If you want to "re-body" the car, changing the VIN plate and all (which is very illegal in some areas), then why not just get another car and start over? Not bothering with "changing the numbers" to match your existing documentation. For ultimate value, if that matters, you WANT a clean title, not a "reconstructed vehicle" sort of situation.
As for the "nobody will know" orientation, the reason there are so many VIN-related numbers on the cars was so that "chop shop" operations could be shut down. Where they'd steal the car for its parts (other than just the drivetrain), for resale.

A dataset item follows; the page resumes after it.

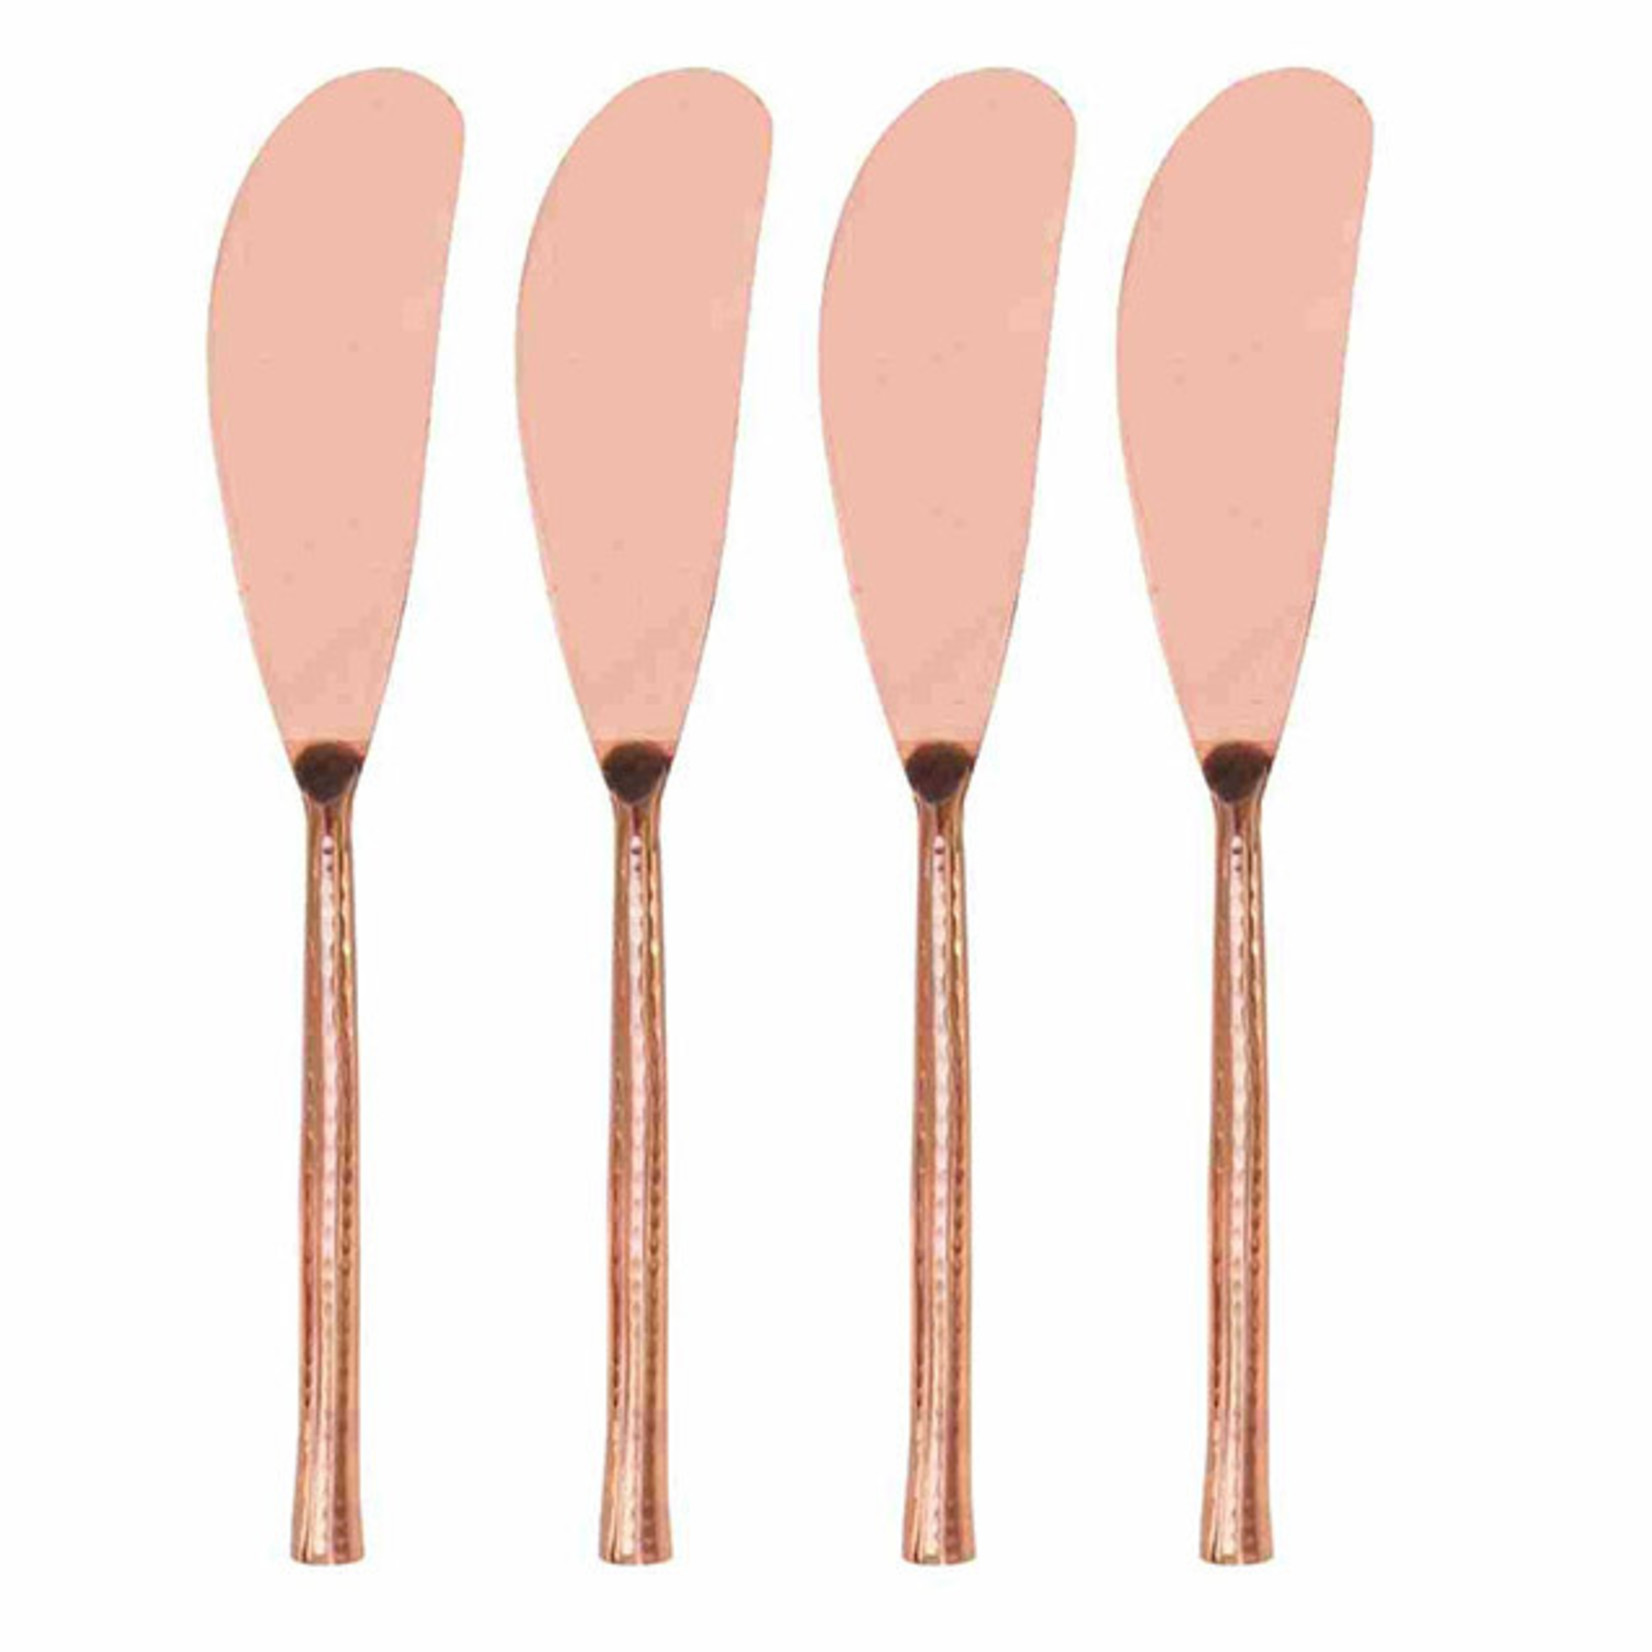 Cheese Set - Hammered copper spreaders st/4

In TX, removing a data plate from the body of a '60s Mustang (to paint under it, at a noted restoration shop) got the shop owner in trouble with the stolen car detail. One Mustang with the data plate and VIN removed, as it was a race-only vehicle, was confiscated and not returned. With no VIN, then ownership could not be confirmed. ONE BIG MESS! Lots of money spent, just for the shop to stay "clean". Lessons learned. Perhaps they didn't find what they might have been fishing for? Who knows. Sour grapes from a former employee? Anything's possible.
So, all of those "hidden numbers" on the body were a part of a concerted vehicle anti-theft movement by law enforcement, aided by the OEMs. From the later '60s and continuing into the '80s (and later).
So, getting a more solid parts car shell would be the only option, it seems. Where sections of metal could be transferred from rather than custom fabrication. Some of the floor pans and trunk floor can already be in repro (or reasonable facsimilie) from a few sources.
Check out the several threads in here on common rust areas of the Fuselage cars and how others have repaired them. Quite interesting!